Potential[tex]V(x) = - \alpha \delta (x)[/tex]

The bound state eigenfunction:
[tex]\psi (x) = \left\{ \begin{array}{l}
B{e^{\kappa x}}{\rm{ (}}x \le 0{\rm{)}} \\
B{e^{ - \kappa x}}{\rm{ (}}x \ge 0{\rm{)}} \\
\end{array} \right.{\rm{ where }}\kappa = \frac{{\sqrt { - 2mE} }}{\hbar }[/tex]
Integrate time independent schrodinger's equation from -infinitesimal to +infinitesimal to get an imposed condition
[tex] - \frac{{{\hbar ^2}}}{{2m}}\int_{ - \varepsilon }^{ + \varepsilon } {\frac{{{d^2}\psi }}{{d{x^2}}}} dx + \int_{ - \varepsilon }^{ + \varepsilon } {V(x)} \psi (x)dx = E\int_{ - \varepsilon }^{ + \varepsilon } {\psi (x)dx} [/tex]
For right hand side, since the we're integrating a finite function in a infinitesimal region
[tex]\int_{ - \varepsilon }^{ + \varepsilon } {\psi (x)dx} = 0[/tex]
So we have
[tex] - \frac{{{\hbar ^2}}}{{2m}}\mathop {\lim }\limits_{\varepsilon \to 0} ({\left. {\frac{{d\psi }}{{dx}}} \right|_{ + \varepsilon }} - {\left. {\frac{{d\psi }}{{dx}}} \right|_{ - \varepsilon }}) = \alpha \psi (0) \Rightarrow - 2B\kappa = - \frac{{2m\alpha }}{{{\hbar ^2}}}B[/tex]
so [tex]\kappa = \frac{{m\alpha }}{{{\hbar ^2}}}[/tex]
and consequently[tex]E = - \frac{{m{\alpha ^2}}}{{2{\hbar ^2}}}[/tex] and [tex]B = \frac{{\sqrt {m\alpha } }}{\hbar }(normalization)[/tex]
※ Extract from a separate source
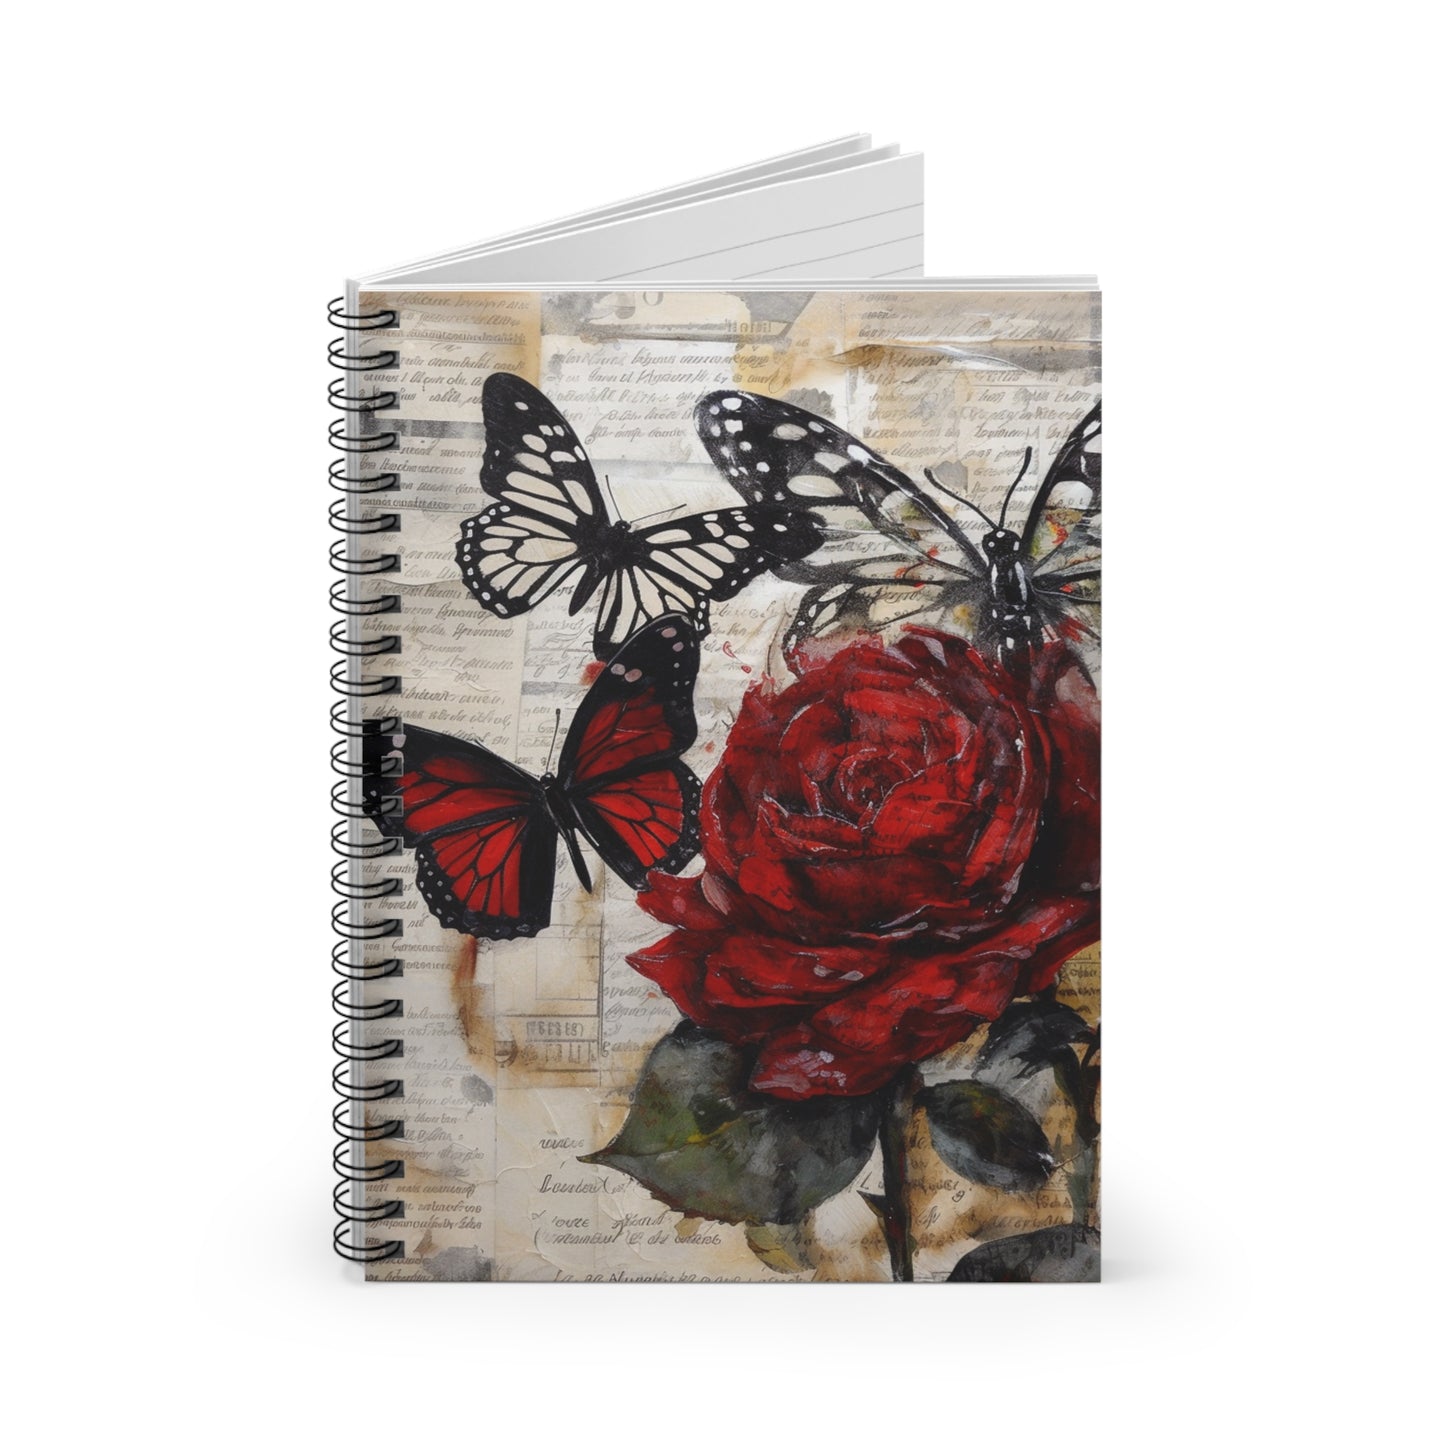 Spiral notebook - Ruled Line - Butterflies and a red rose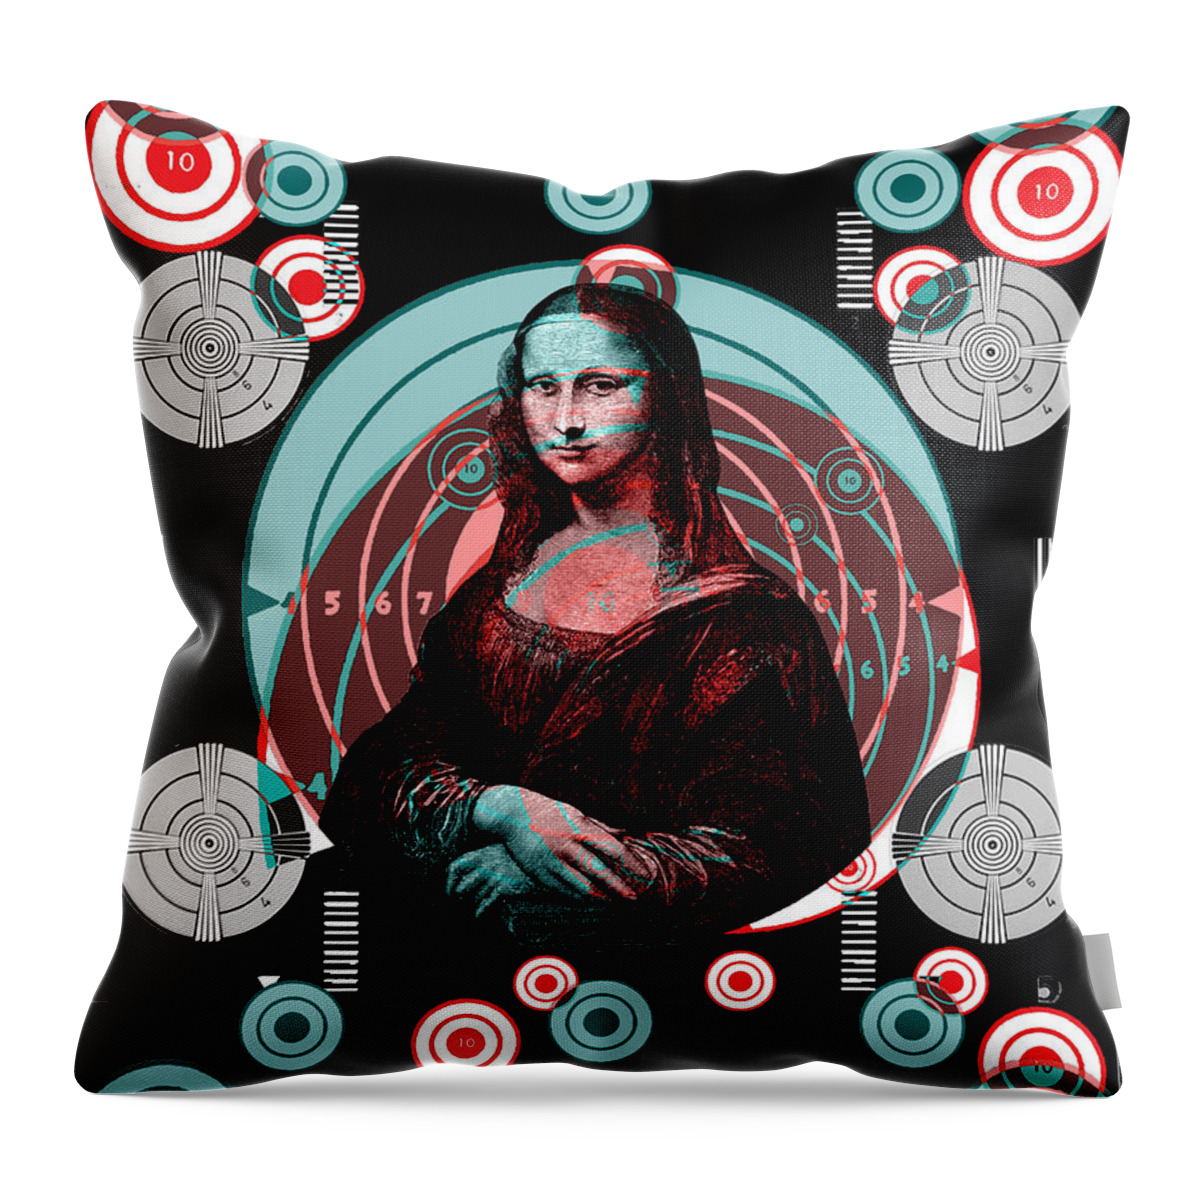 Digital Collage Throw Pillow featuring the digital art Mona TV Test Pattern by Eric Edelman

And here comes my problem: instead of integrating a infinitesimal region, I tried to integrate the whole x-axis just to check the consistency
[tex] - \frac{{{\hbar ^2}}}{{2m}}\int_{ - \infty }^{ + \infty } {\frac{{{d^2}\psi }}{{d{x^2}}}} dx + \int_{ - \infty }^{ + \infty } {V(x)} \psi (x)dx = E\int_{ - \infty }^{ + \infty } {\psi (x)dx} [/tex]
in which:
[tex]\int_{ - \infty }^{ + \infty } {\psi (x)dx} = \frac{2}{\kappa }[/tex]
[tex] - \frac{{{\hbar ^2}}}{{2m}}\int_{ - \infty }^{ + \infty } {\frac{{{d^2}\psi }}{{d{x^2}}}} dx = - \frac{{{\hbar ^2}}}{{2m}}({\left. {\frac{{d\psi }}{{dx}}} \right|_{ + \infty }} - {\left. {\frac{{d\psi }}{{dx}}} \right|_{ - \infty }}) = 0[/tex]
Finally,
[tex] - \alpha \psi (0) = \frac{{2E}}{\kappa } \Leftrightarrow - \alpha B = \frac{{2E}}{\kappa }[/tex]
Now if we sub in what we've got in the first part, e.g.[tex]\kappa = \frac{{m\alpha }}{{{\hbar ^2}}}[/tex], [tex]E = - \frac{{m{\alpha ^2}}}{{2{\hbar ^2}}}[/tex], [tex]B = \frac{{\sqrt {m\alpha } }}{\hbar }[/tex]
we find
[tex]\frac{{\sqrt {m\alpha } }}{\hbar } = 1[/tex]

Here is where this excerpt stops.